The first literary version of the entire tale was written in a Low German dialect (Plattdeutsch) by the painter Philip Otto Runge, and published in Achim von Arnim's Journal for Hermits (Zeitung für Einsiedler) in 1809. The Grimms then included it in their first collection of tales in 1812. Some critics argue that Runge's economical yet poetic versions of this tale and of ‘The Fisher and his Wife’ profoundly influenced the Grimms' treatment of their tales.

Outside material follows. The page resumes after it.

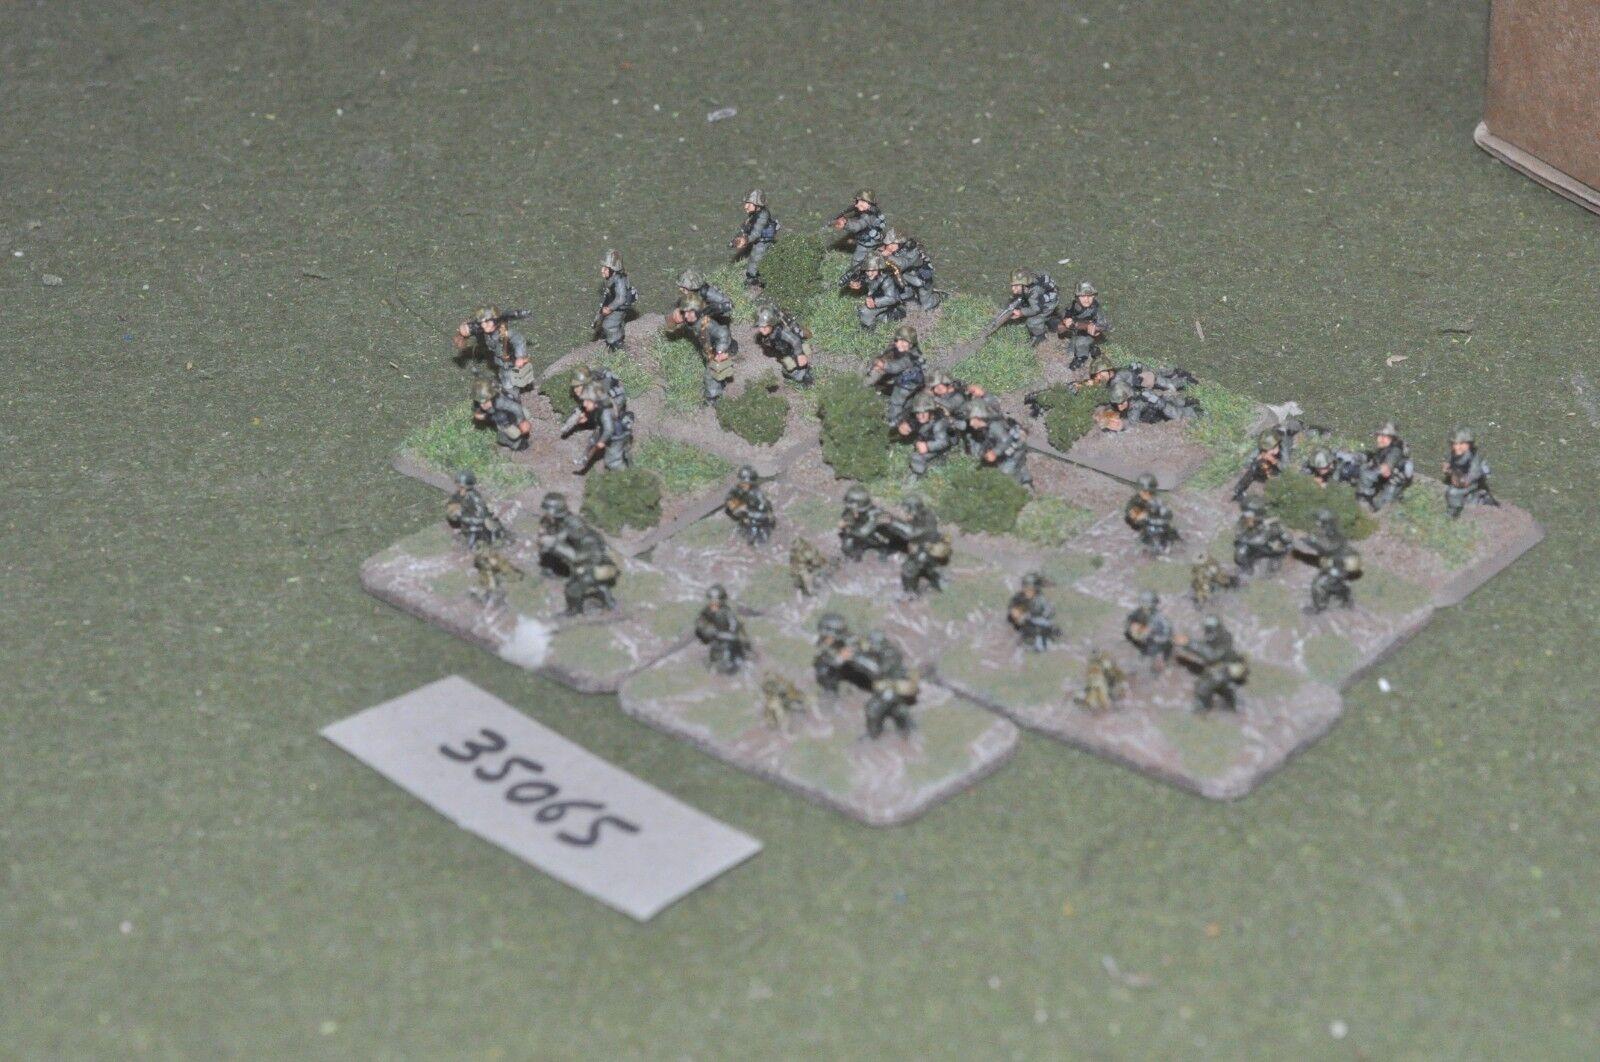 15 mm WW2 allemand-Battle Group 40 40 40 figures-INF (35065) bd9729

Runge's version goes like this: A mother, who has long wished for a child, at last becomes pregnant, but dies (after eating juniper berries) as her son is born and is buried under the juniper tree. Her son is mistreated and finally decapitated by his stepmother, who then serves his mangled body to his father in a stew. His half‐sister, however, convinced that she is responsible for his death, remains faithful to his memory, buries his bones under the juniper tree, and watches as a bird rises through mist and fire from the grave. The bird then sings a song recounting a compressed version of his story:
My mother, she killed me.
My father, he ate me.
My sister Marlene
Gathered up my bones,
Put them in a silken scarf,
Buried them under the juniper tree.
Keewit, keewit, what a fine bird am I.The bird repeats the song to a goldsmith, to a shoemaker, and to some millers, and receives a gold chain, a pair of red shoes, and a millstone in return. He then flies back to the juniper tree and, singing his song again, drops the gold chain around his father's neck, the red shoes in his sister's lap, and the millstone on his stepmother's head. Her eyes and hair shoot fire, but after she is crushed the brother appears in the flames and smoke. The father, sister, and brother joyfully return to the house to eat together.
The tale was certainly well known in German‐speaking cultures long before Runge and the Grimms wrote it down. Beginning with the earliest versions of Faust (1774), Goethe has his Gretchen sing a version of the bird's song in prison, strangely appropriating the voice of her murdered child as her own.
Many versions of this tale are told in cultures around the world. In Russia the juniper tree becomes a birch, in England a rose‐tree; in England the murdered child is usually a girl. But the motifs of family violence and cannibalism, of death, retribution, and resurrection are always present.
Maurice Sendak, Randall Jarrell, and Lore Segal chose ‘The Juniper Tree’ as the title tale for their two‐volume collection of the Grimms' tales (1973). Margaret Atwood uses motifs from the tale in her poem ‘The Little Sister’ and in some of the legendary folk material in her 1972 novel Surfacing.
Bibliography
- Belgrader, Michael, Das Märchen von dem Machandelbaum (1980).
- Tatar, Maria, “‘Telling Differences: Parents vs. Children in “The Juniper Tree”’”, in Off With Their Heads! (1992).
- Wilson, Sharon Rose, Margaret Atwood's Fairy‐Tale Sexual Politics (1993).